[Opening Given data section]

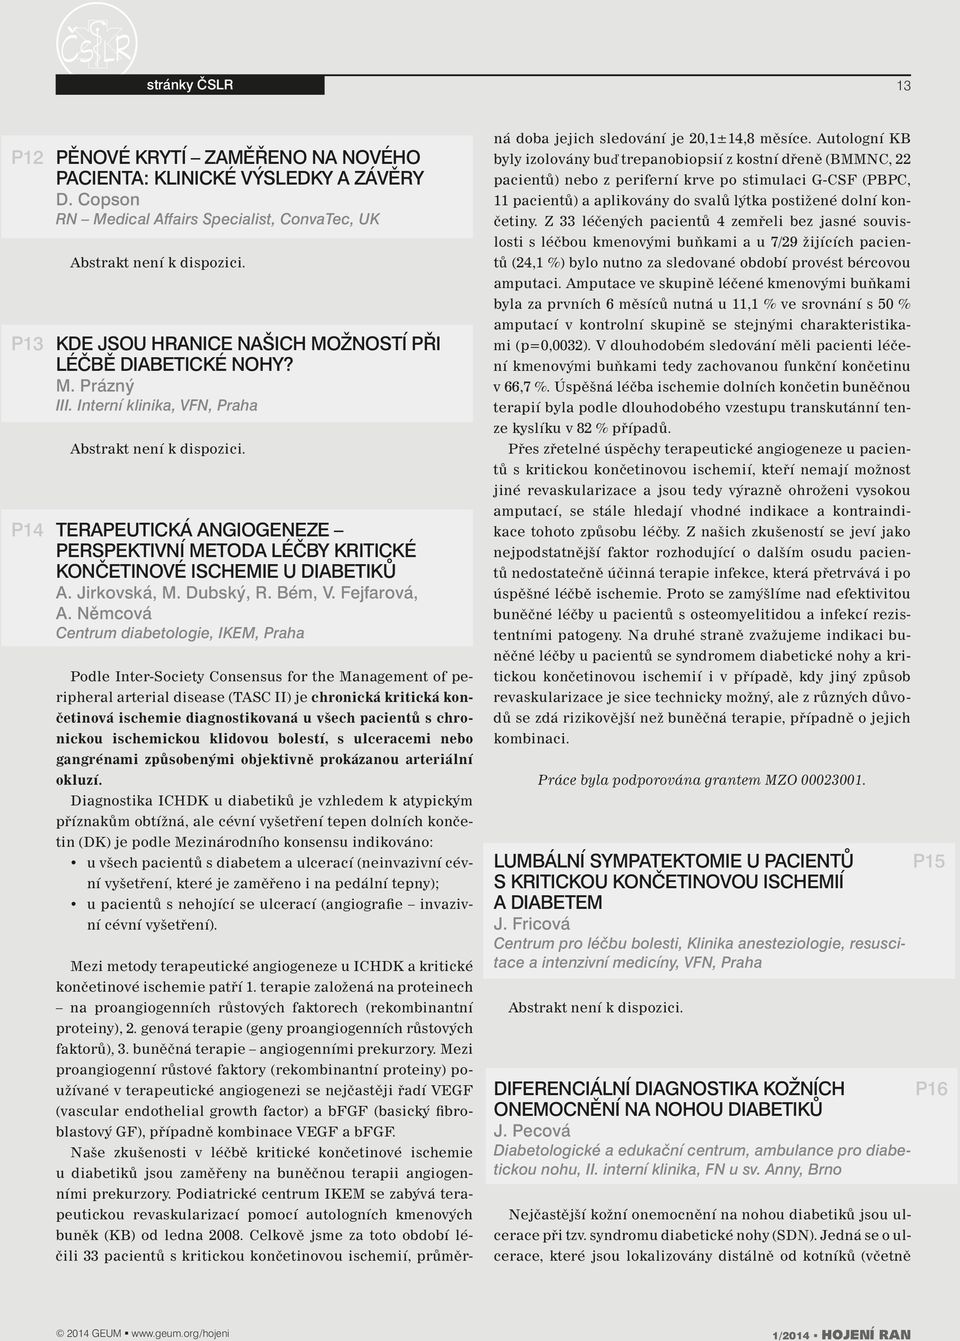 Terapeutická angiogeneze perspektivní metoda léčby kritické končetinové ischemie u diabetiků A. Jirkovská, M. Dubský, R. Bém, V. Fejfarová, A.
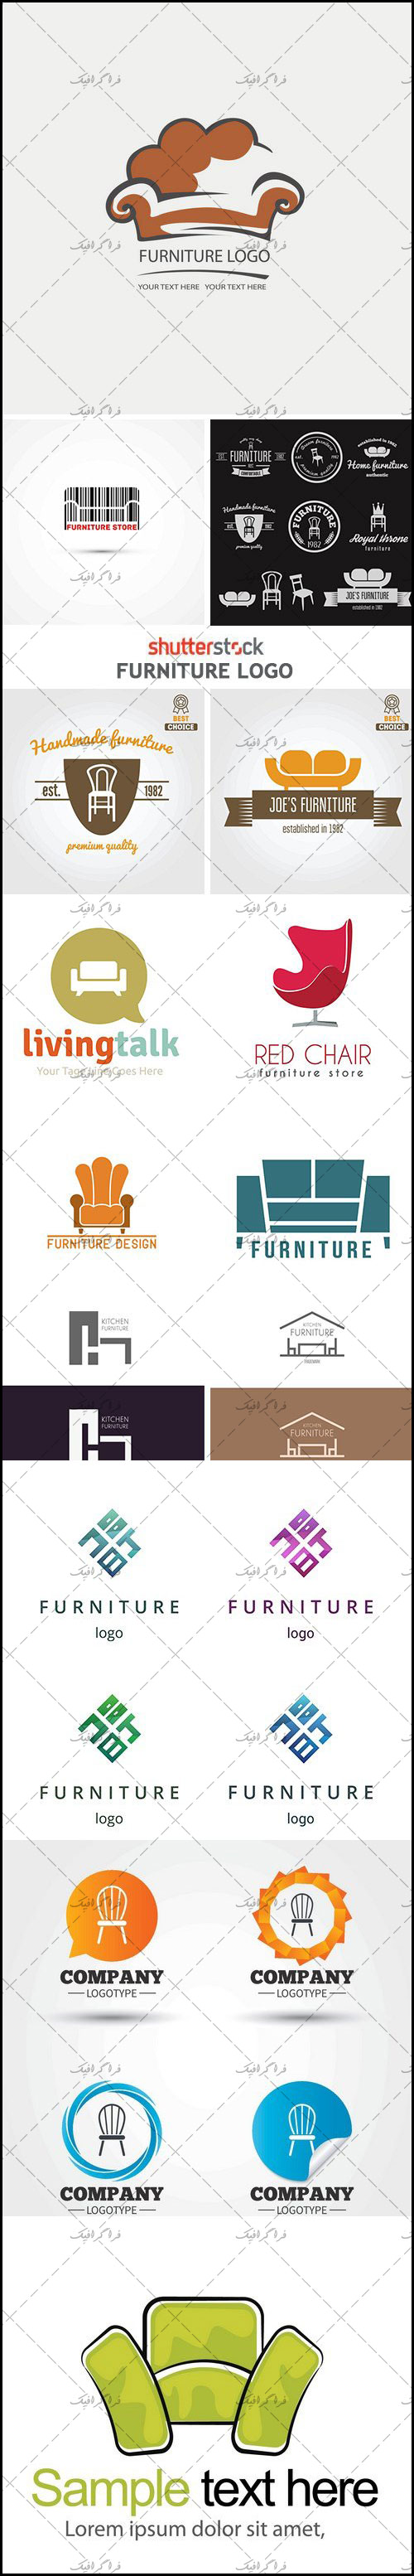 دانلود لوگو های مبلمان منزل - Furniture Logos
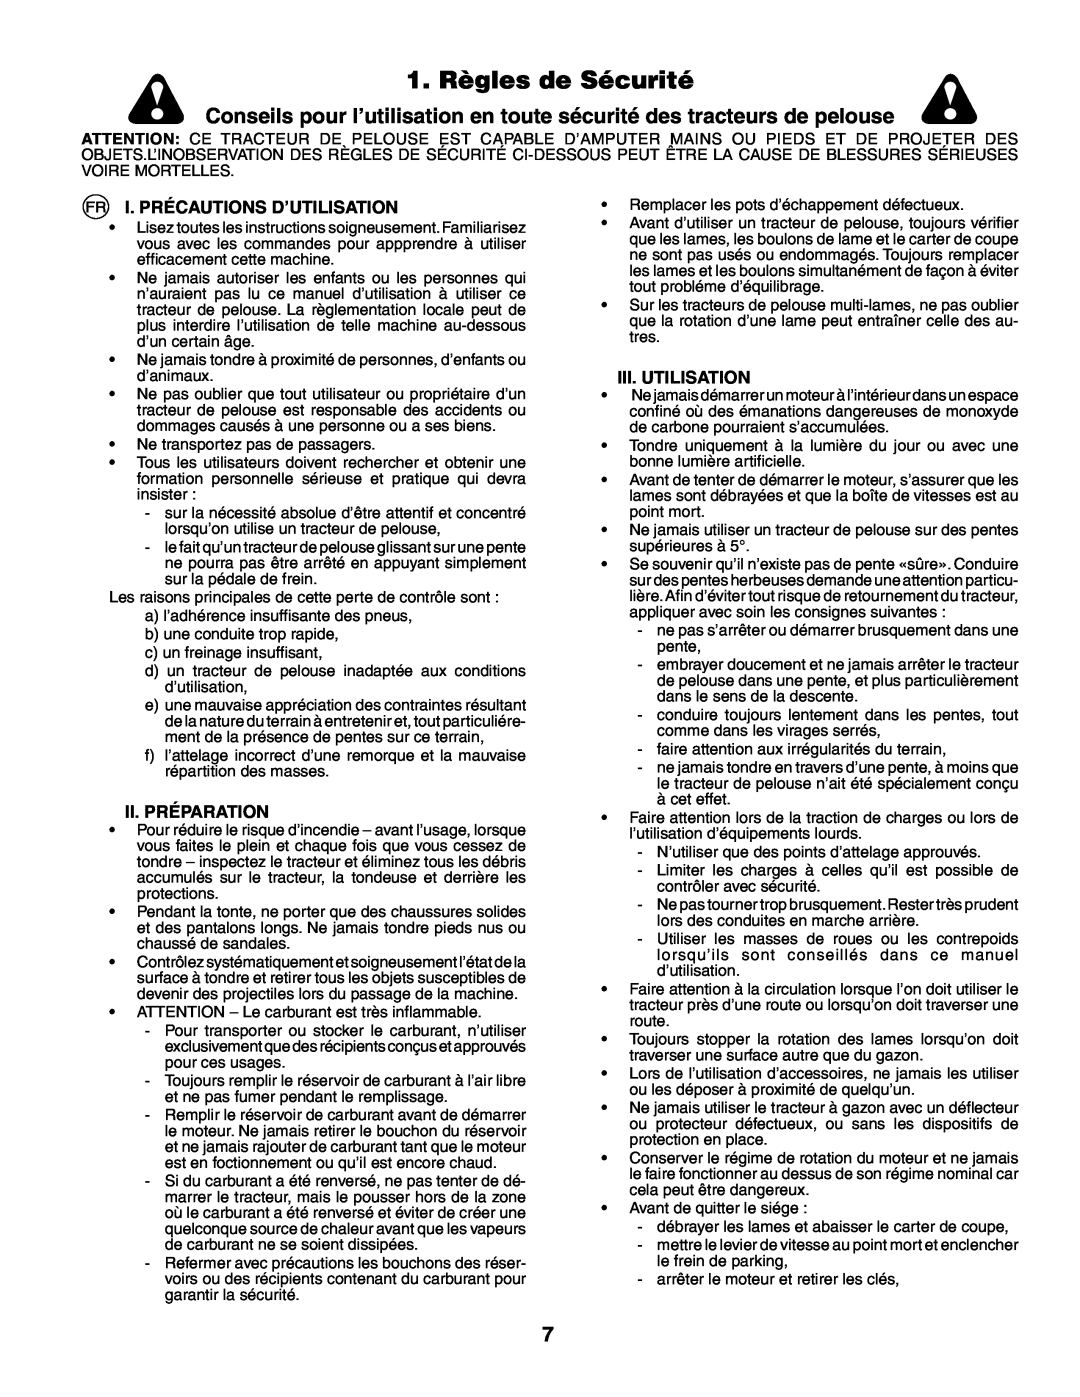 Husqvarna YTH210XP 1. Règles de Sécurité, I. Précautions D’Utilisation, Ii. Préparation, Iii. Utilisation

[Closing Given data section]

Everything in the data must be printed verbatim except the pictures.

Final answer
 Terapeutická angiogeneze perspektivní metoda léčby kritické končetinové ischemie u diabetiků A. Jirkovská, M. Dubský, R. Bém, V. Fejfarová, A.
 دانلود لوگو های مبلمان منزل - Furniture Logos
 Husqvarna YTH210XP 1. Règles de Sécurité, I. Précautions D’Utilisation, Ii. Préparation, Iii. Utilisation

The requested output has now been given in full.